デフォルトでは、imgixは画像をグローバルコンテンツデリバリーネットワーク(CDN)を通じて提供し、96個のPOPを通じて画像ができるだけ速くロードされるようにします。自分のCDNを持ち込んだり設定する必要はありません。画像は常にできるだけ速く提供されます。

画像データの削減

カメラやディスプレイの機能は常に向上しており、画像のサイズも増加しています。圧縮されたサンプルのスマートフォンカメラ画像でも1.4MB、3264×2448ピクセルになります。画像データとファイル形式の違いによりファイルサイズがさらに増加することがあります。結果として、画像に含まれる生データの量を必要なものだけに減らすことが、そのファイルサイズを減らす最も簡単な方法です。

生のピクセルの観点から見ると、画像から100x100ピクセルを削除すると、ほぼ40KBが減少します。同様に、同じ色の大きな領域を含む画像では、色パレットを減らすことで品質に明らかな違いがないまま、かなりのサイズ節約ができます。不要なデータを取得しないことで、サイトやアプリケーションのページはずっと早くロードされ、表示されます。画像SEOの向上ガイドで、節約可能なポテンシャルを確認できます。

画像のリサイズ

画像から不要なデータを削除する最も簡単な方法は、リサイズです。画像はしばしばページに必要なサイズよりも大きく提供されるため、ページの重さが大幅に増加します。
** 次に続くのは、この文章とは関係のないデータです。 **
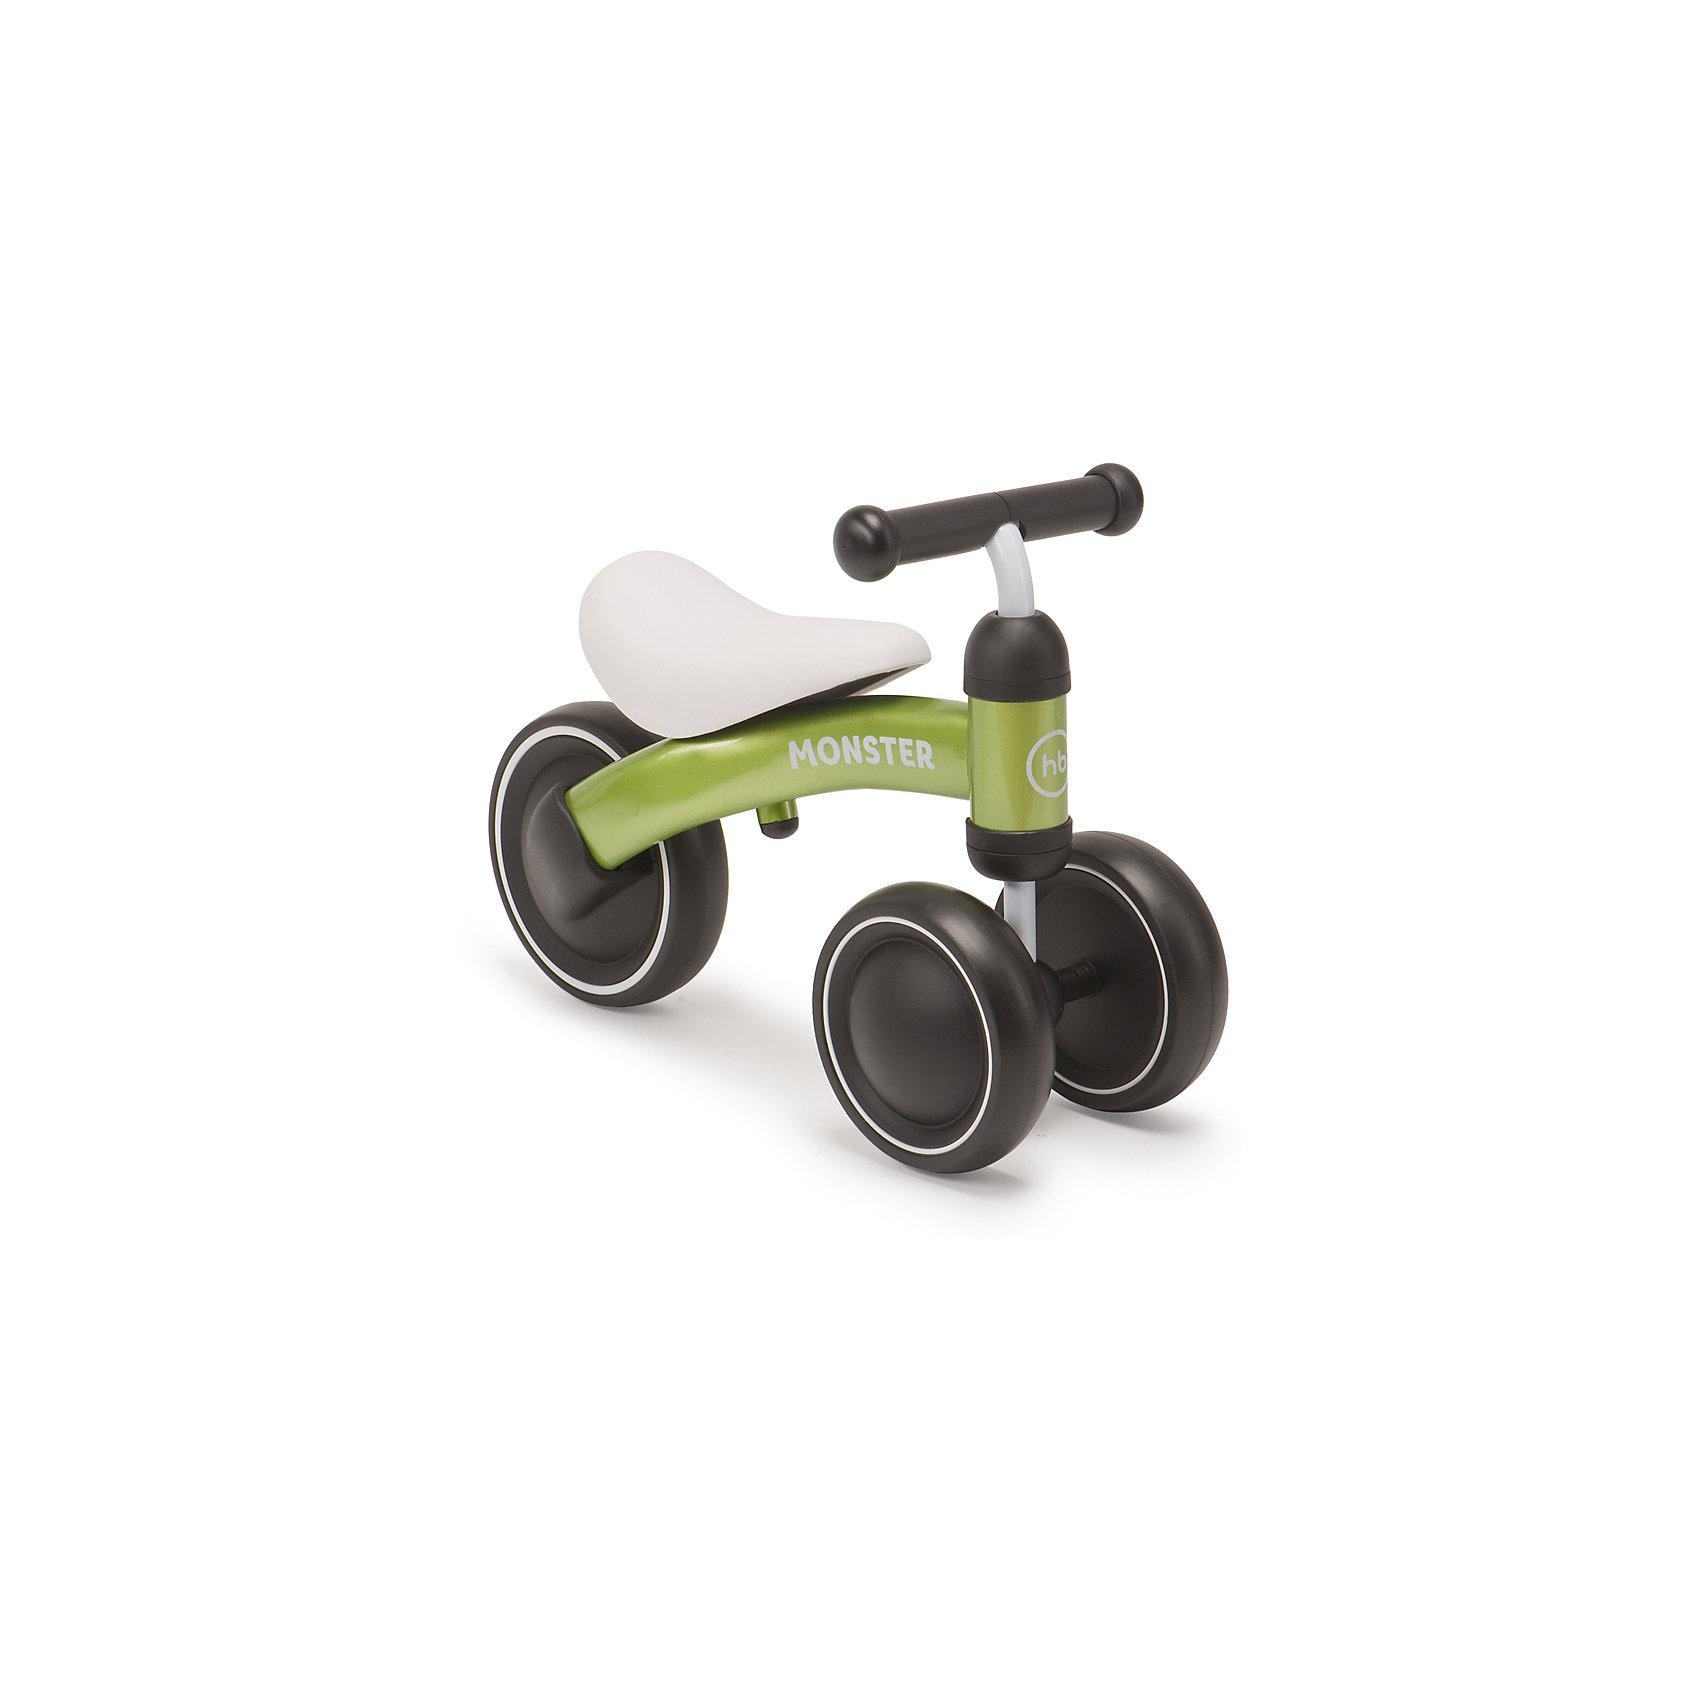 Трехколёсный беговел NEO, зеленый, Happy BabyБеговелы<br>Характеристики товара:<br><br>• возраст от 1 года<br>• максимальная нагрузка до 20 кг<br>• рост ребенка 78-95 см<br>• цвет зеленый<br>• материал: сталь, пластик, полиуретан<br>• стальная рама<br>• бесшумные колёса<br>• высота сидения 24 см<br>• высота руля 34 см<br>• длина беговела 45 см<br>• вес беговела 1,8 кг<br>• размер упаковки 47х25х17 см<br>• вес упаковки 2,2 кг<br>• страна производитель: Китай<br><br>Трехколесный беговел «NEO», зеленый, Happy Baby разработан специально для самых маленьких детей, которые только учатся кататься на транспортном средстве. Благодаря 2 передним колесам беговел хорошо сохраняет устойчивость и не опрокидывается. Малыш учится кататься, отталкиваясь ножками, сохранять равновесие и координировать движения. <br><br>Рама беговела изготовлена из прочной стали. Большие колеса обеспечивают бесшумную езду.<br><br>Трехколесный беговел «NEO», зеленый, Happy Baby можно приобрести в нашем интернет-магазине.<br><br>Ширина мм: 470<br>Глубина мм: 170<br>Высота мм: 250<br>Вес г: 2200<br>Возраст от месяцев: 12<br>Возраст до месяцев: 36<br>Пол: Унисекс<br>Возраст: Детский<br>SKU: 5527347

imgixで画像をリサイズすることにより、デバイスやビューポートのサイズに対して複数のバージョンを作成することなく、必要なデータ量だけを提供し、余分なピクセルは一切提供しません。

imgixで画像をリサイズする最も一般的な方法は、幅(w)と高さ(h)パラメータを使用したピクセルベースのサイズです。imgixを通じて提供される任意の画像は動的にリサイズできます。wまたはhパラメータが設定されていて値が1以上の場合、画像は新しいピクセル寸法にリサイズされます。例えば、この元の画像はほとんどの用途には大きすぎます。

オリジナル(ここでは表示用に30%にリサイズ)

  • ファイルサイズ: 1.99MB * 寸法: 1942×2913ピクセル

これをより使いやすいものにリサイズするには、wまたはhをアプリケーションに適した値に変更するだけです。

Web用にリサイズ — 高さ600ピクセル

  • ファイルサイズ: 95kB * 寸法: 400×600ピクセル

同様に、モバイルブラウザやサムネイル表示用にリサイズして、さらに節約できます。

モバイル用にリサイズ — 高さ200ピクセル

  • ファイルサイズ: 15kB * 寸法: 133×200ピクセル

ピクセルベースのサイズは、特定のコンテナサイズと画像コンテンツのさまざまなサイズを扱う際に、fitおよびcropパラメータと組み合わせて使用すると効果的です。これにより、画像の最も関連性の高い部分をコンテナの中心に配置できます。

imgixは、wおよびhパラメータを使用したパーセンテージベースのサイズもサポートしています。この方法は、大量の画像を同じ割合で縮小する場合に特に便利です。たとえば、元の画像の寸法の10%に縮小します。

パーセンテージで画像をリサイズするには、wまたはhパラメータを0から1の間の値に設定します。たとえば、1000ピクセルの画像にw=0.5を設定すると、画像の幅は500ピクセルになり、高さもそれに応じて50%減少します。

アスペクト比の維持

画像をリサイズする際にアスペクト比を維持することが重要な場合は、fit=clipパラメータを使用します。fit=clipを設定すると、画像はwおよびhで指定されたサイズに収まりながら、そのアスペクト比を維持します。これを実際に見てみましょう:

オリジナル(ここでは表示用に15%にリサイズ)

  • ファイルサイズ: 7.0MB * 寸法: 5615×2907ピクセル

今、この画像をアスペクト比を維持しつつ、最大600×400に縮小したいと思います:

600×400のコンテナに収まるようにリサイズ

w=600&h=400&fit=clip
sandbox-demo
  • ファイルサイズ: 55kB * 寸法: 600×311ピクセル

結果の画像は600×311ピクセルです。元の画像の正確なアスペクト比が維持されていることに注意してください。要求された寸法が既存のアスペクト比と一致しない場合、wパラメータは最大サイズを定義し、hパラメータはアスペクト比を正しく保つために要求されたサイズから調整されます。

コンテナに合わせて画像をトリミングする

画像内のデータ量を減らす別の方法は、最も意味のある部分だけに画像をトリミングして、余分なコンテンツが表示されないようにすることです。実際には、元の解像度に十分なデータがあれば、画像にズームインすることができます。この方法では、画像のアスペクト比を簡単に変更して、特定のセクションを強調表示することもできます。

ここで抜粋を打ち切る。